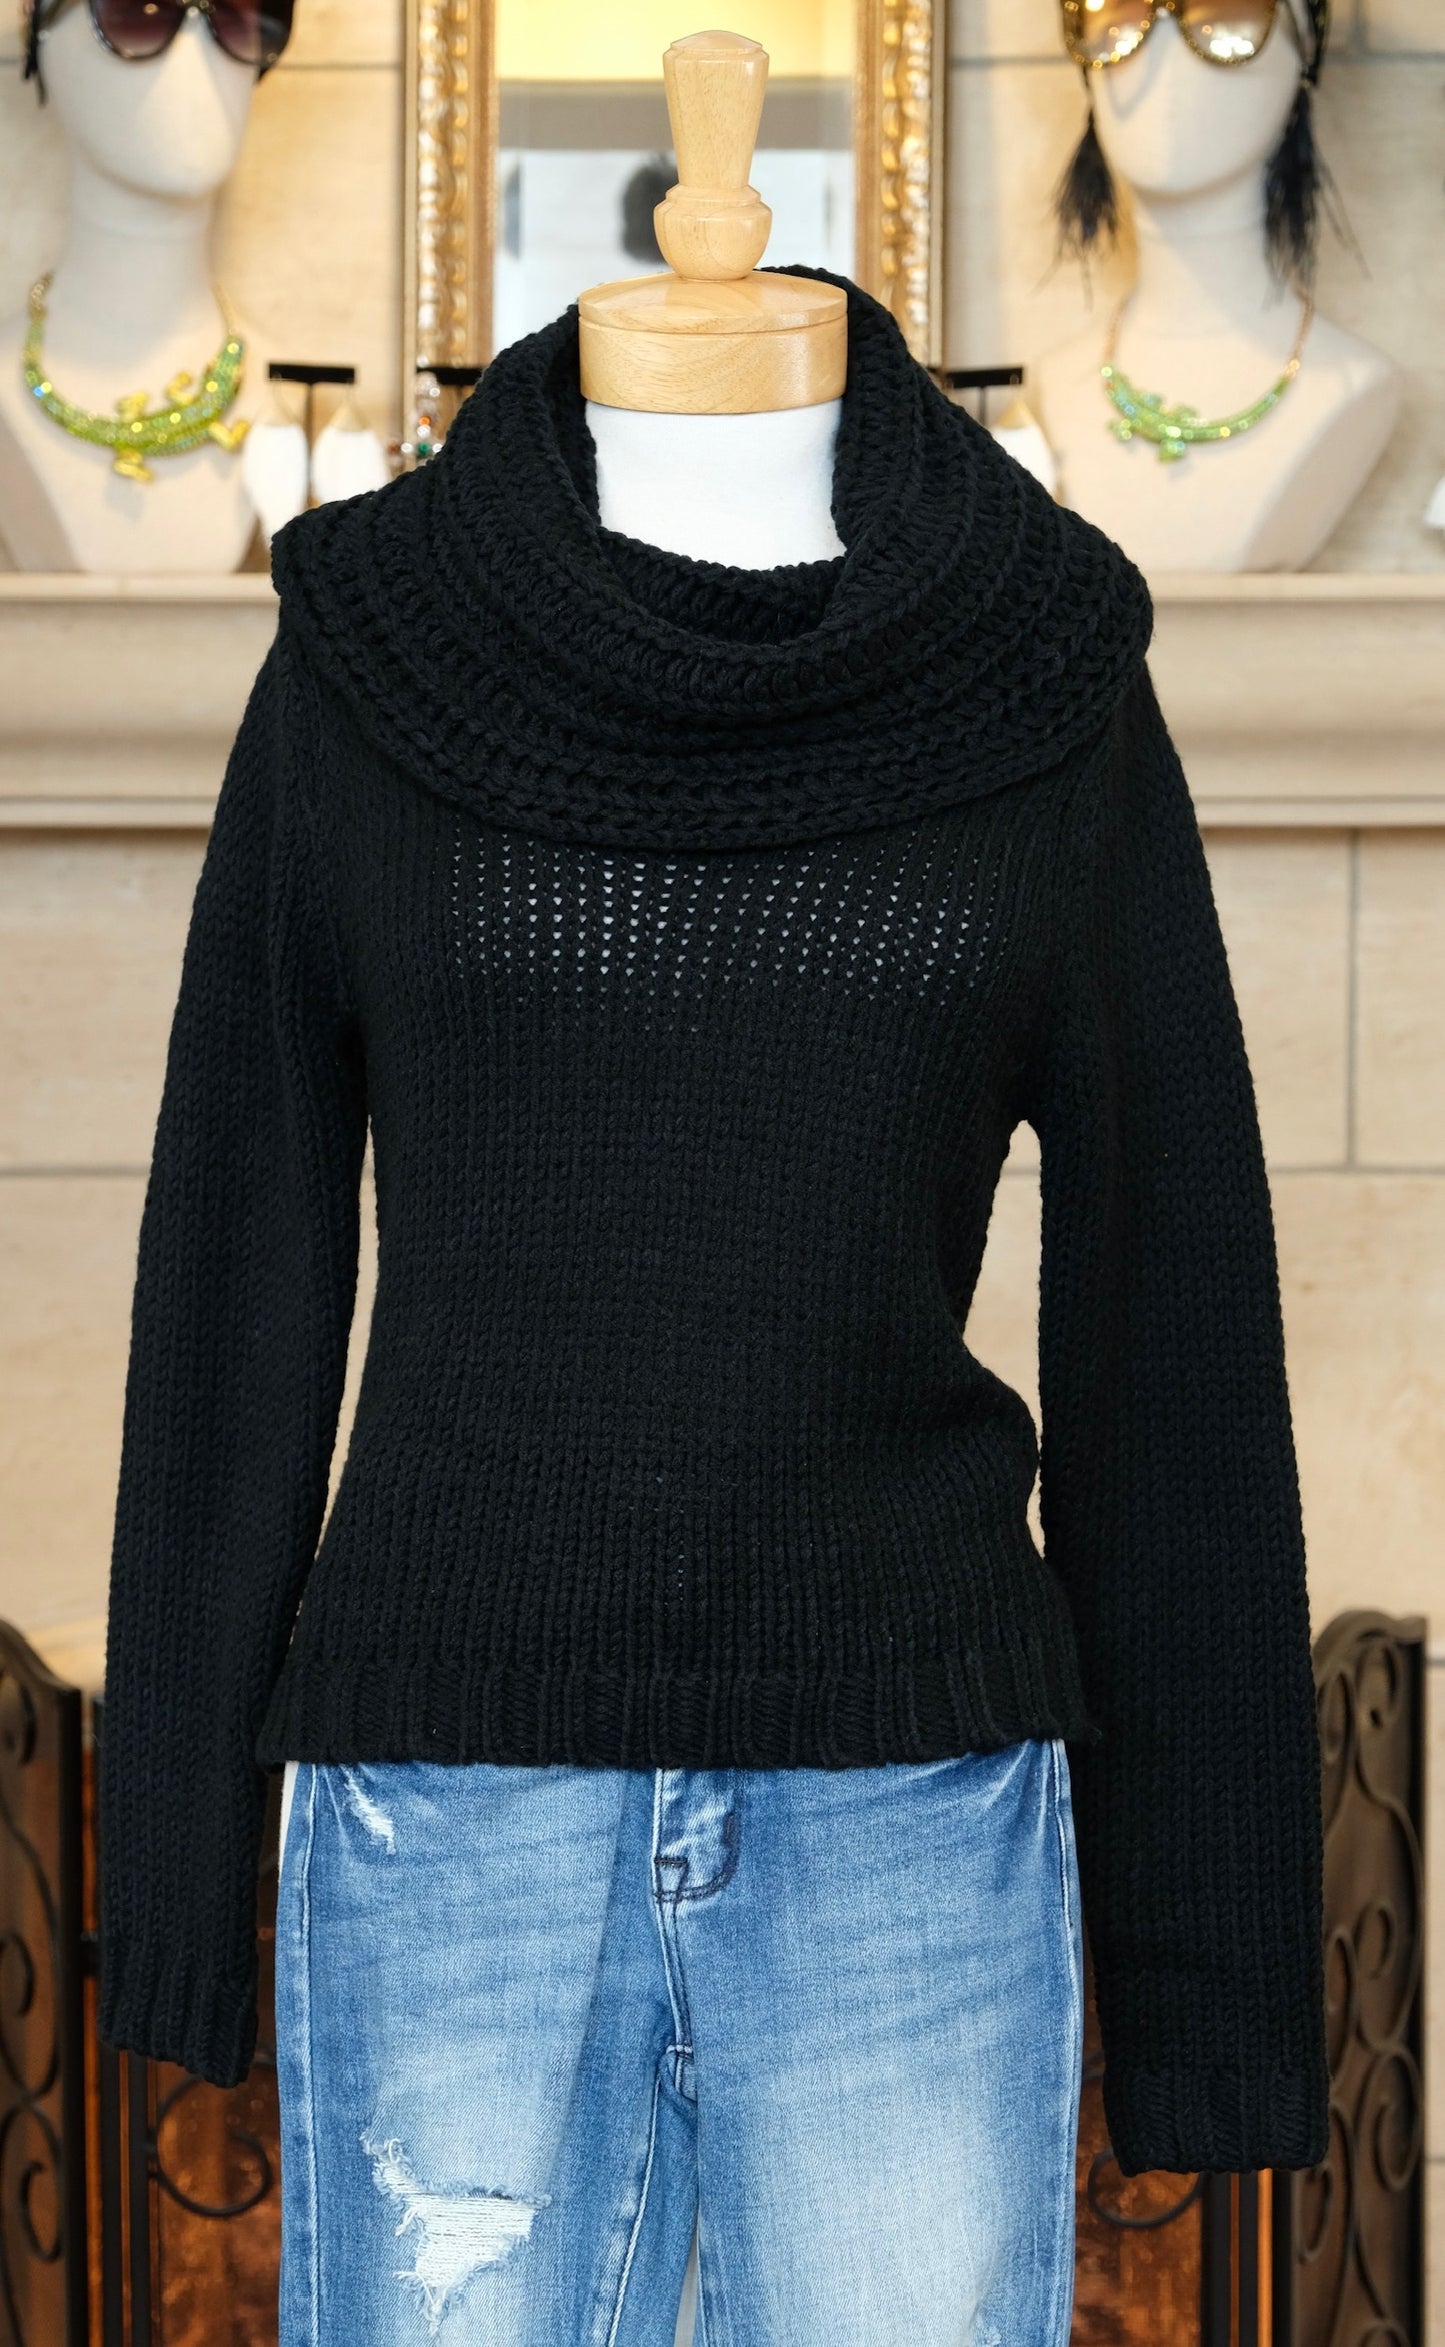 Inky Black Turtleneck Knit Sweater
+ + + + + + +
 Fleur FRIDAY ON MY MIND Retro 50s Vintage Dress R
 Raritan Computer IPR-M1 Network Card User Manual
+ + + + + + +
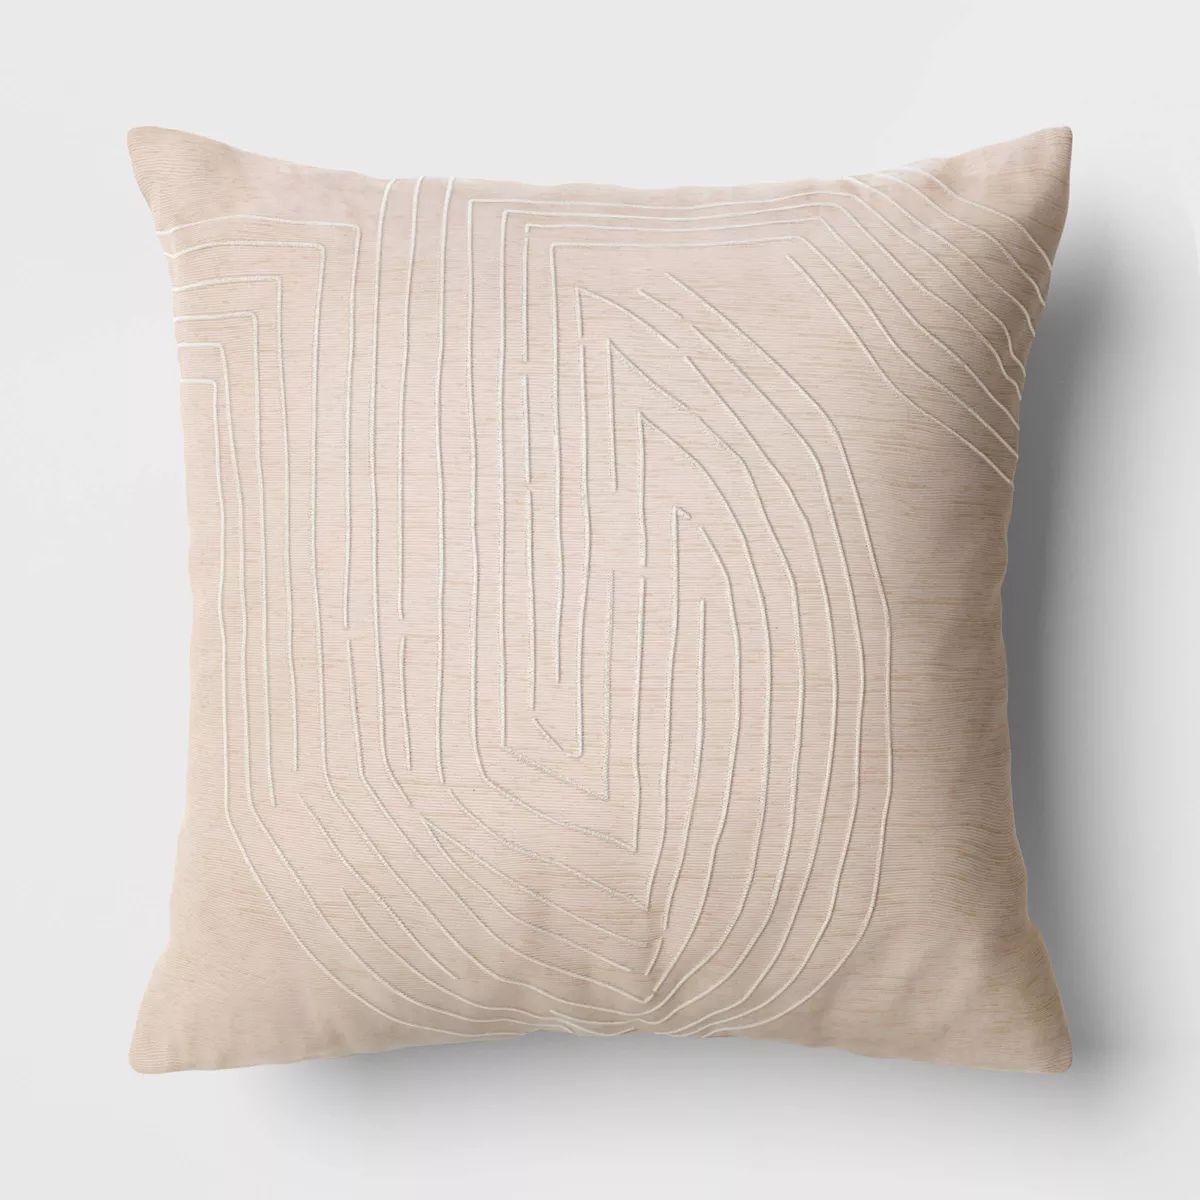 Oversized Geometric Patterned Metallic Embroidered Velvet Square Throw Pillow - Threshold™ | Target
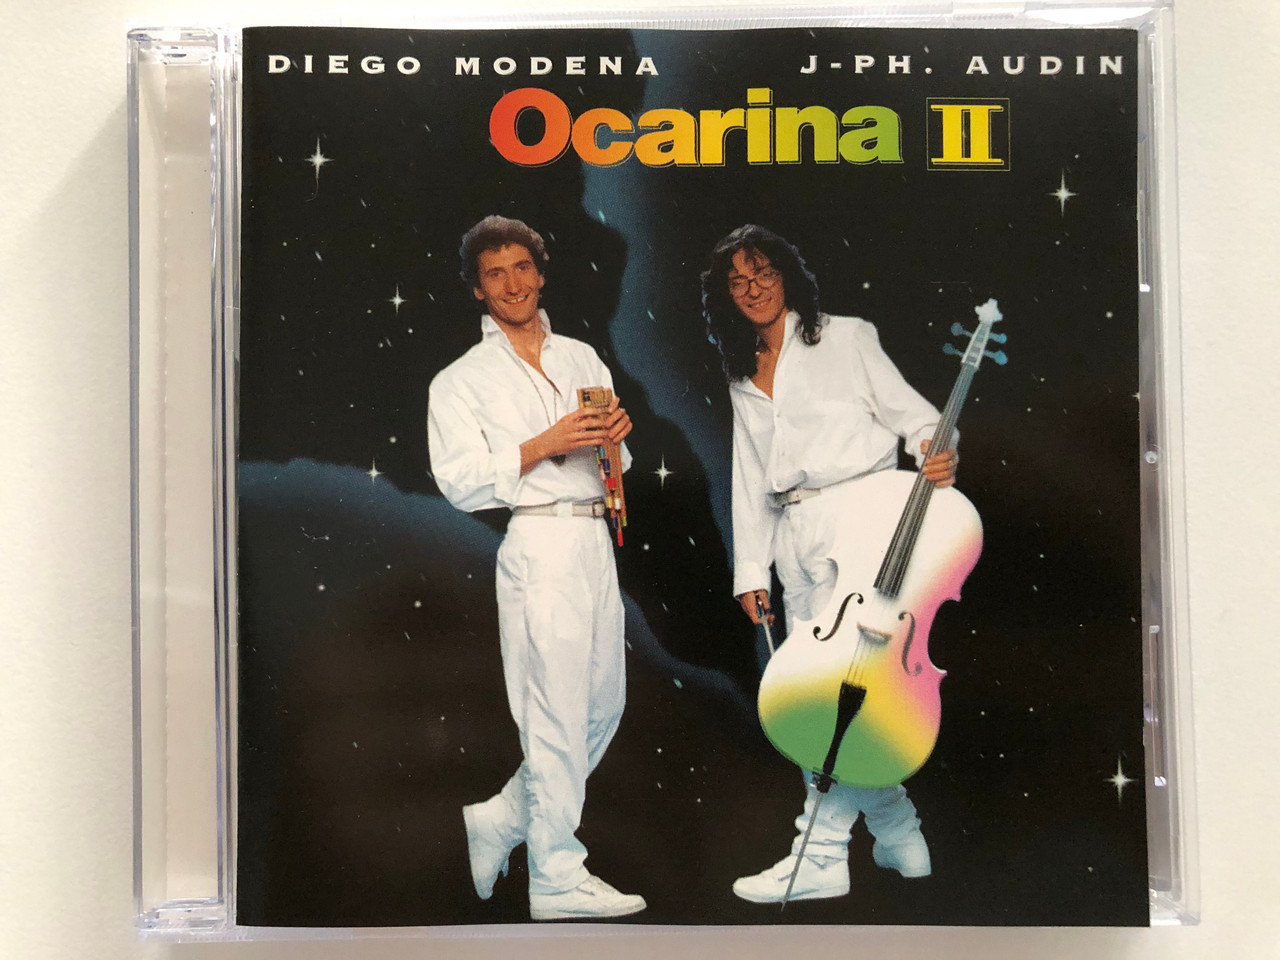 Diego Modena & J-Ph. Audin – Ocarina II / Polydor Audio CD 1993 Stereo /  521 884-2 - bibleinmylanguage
+ + + + + + +
Try it ▸ Only the lines starting at the one that includes "Oversized Geometric Patterned" and ending at the one that includes "Diego Modena &" should be retyped, exactly, from the records above; no pictures.

Result of the task ▸
 Oversized Geometric Patterned Metallic Embroidered Velvet Square Throw Pillow - Threshold™ | Target
 Diego Modena & J-Ph. Audin – Ocarina II / Polydor Audio CD 1993 Stereo /  521 884-2 - bibleinmylanguage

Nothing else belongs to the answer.